I am not sure exactly why this phrase grates on me so much. I am not uninterested in what the Bible says. And I believe that the Bible says things. Lots of things, as it turns out. The Bible makes pronouncements, but the Bible also tells stories, counts tribes of Israel, laments, and asks questions.
This particular sentence, I remember, was “The Bible says . . . that life begins at conception.” So, there’s that. I think that the phrase bothers me because it seems meant to end a discussion rather than to begin one.
The writer of this letter seems to say something similar when he tells Timothy that “all Scripture is inspired by God and is useful for teaching, for reproof, for correction, and for training in righteousness, so that the person of God may be proficient, equipped for every good work.”
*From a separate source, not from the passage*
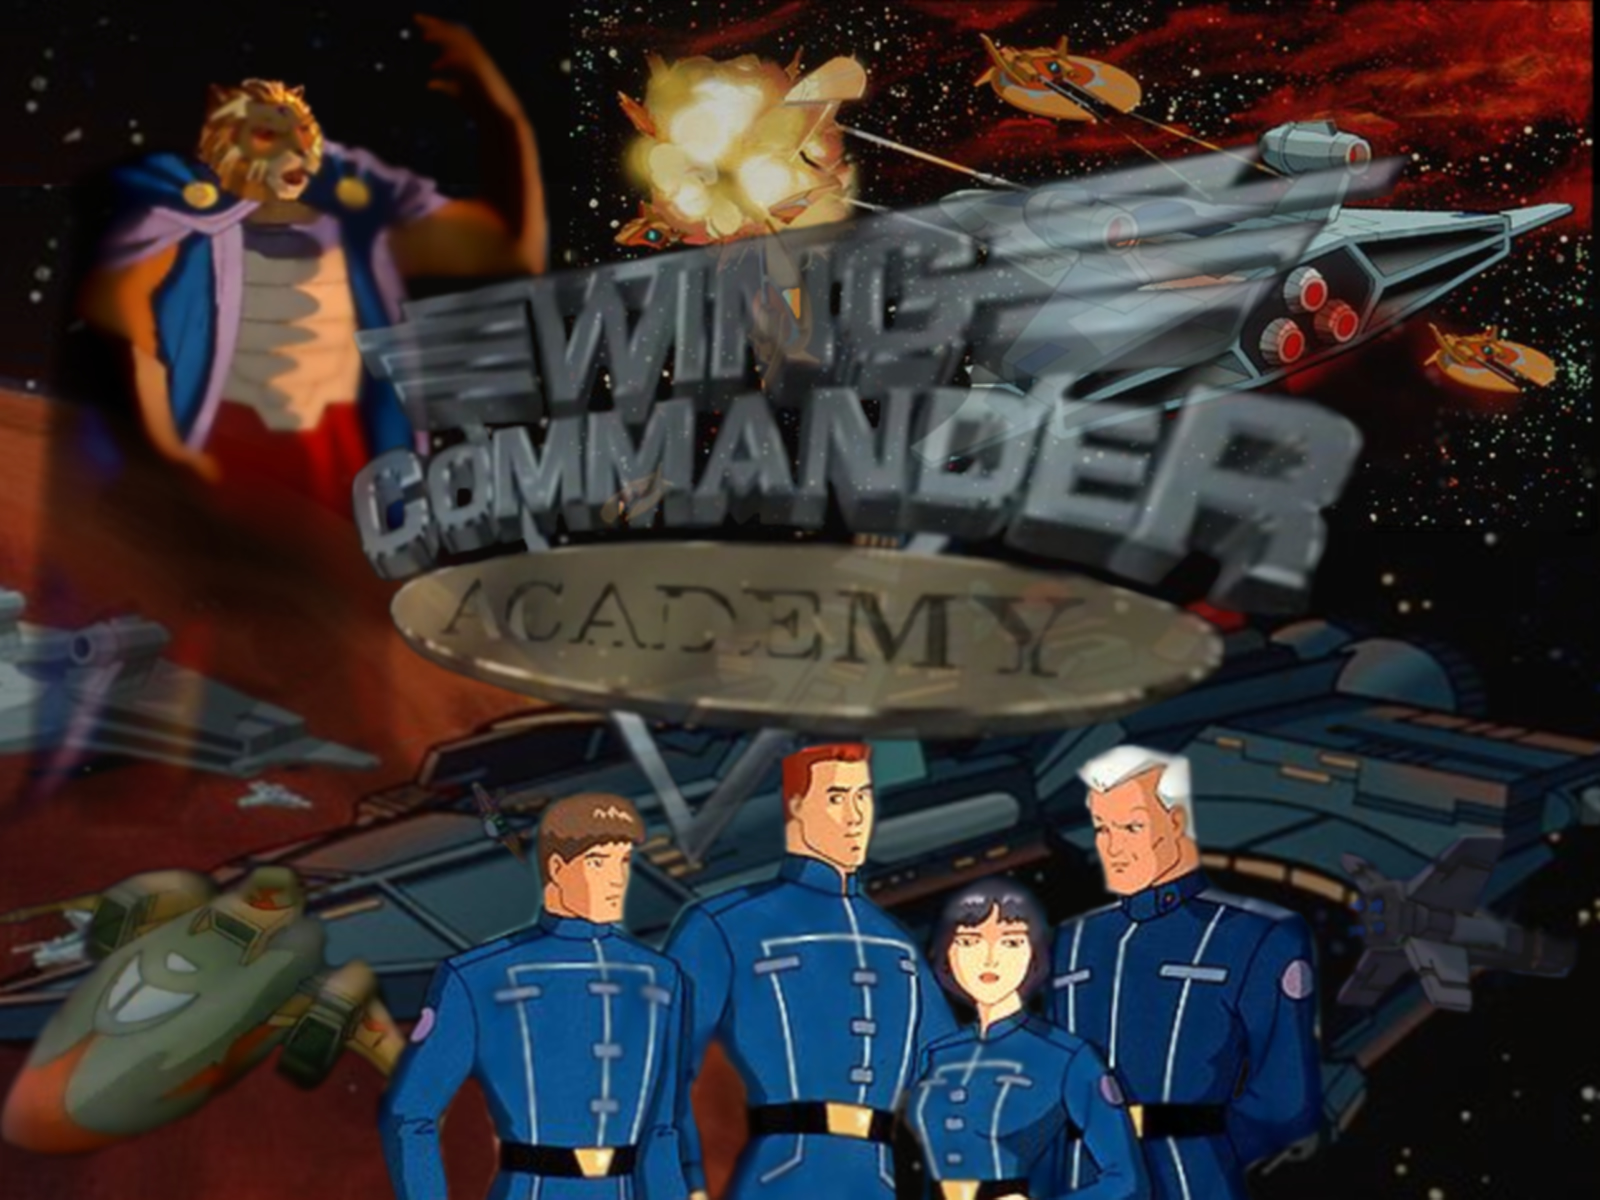 best video game shows - Wing Commander Academy
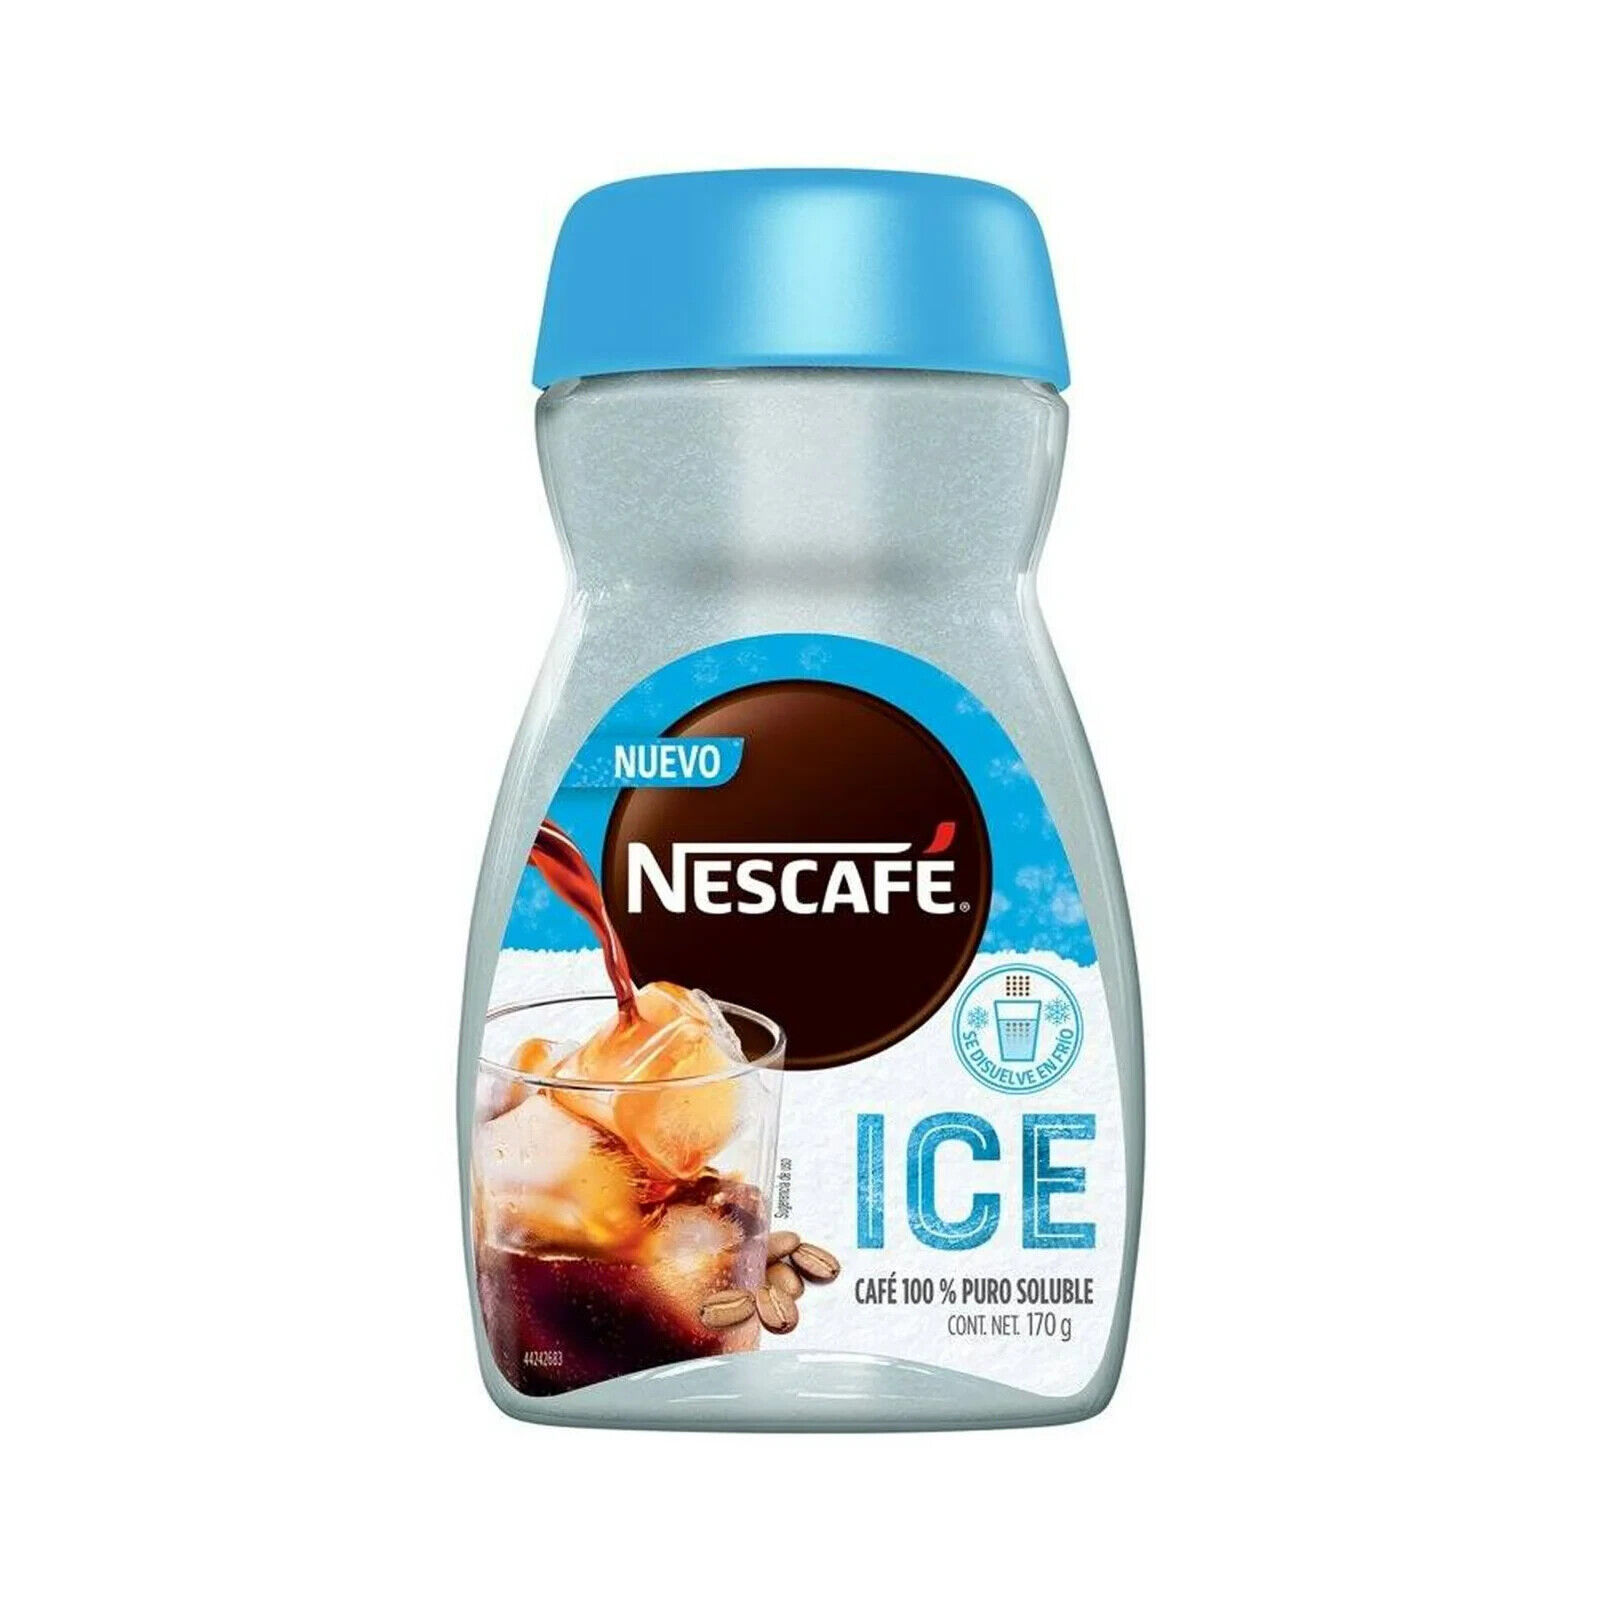 Primary image for 10 x Nescafe Iced Instant Coffee From Canada 100g / 3.5 oz Each Jar - NEW -

This sounds like a rationale: this is why you should read the Bible. Because it’s useful. Because it’s good for you, like eating your vegetables. Because you will be trained in righteousness, and you will be equipped for every good work. The Bible will also correct you (which may or may not sound appealing to you).
All well and good, but I long for a fuller list. All Scripture is inspired by God—and is useful—for: What do you think? For getting to know your ancestors, for dreaming about the future, for asking better questions. All scripture is inspired by God and useful for encountering God. Here useful seems to be a pale word to use.
The Bible says a lot of things, that is for sure. But I want it to be more than useful. I want it to be a door into another world. I want it to be stars to reach for, a secret revealed. Not just good for you, like vegetables, but a seven-course meal, including dessert.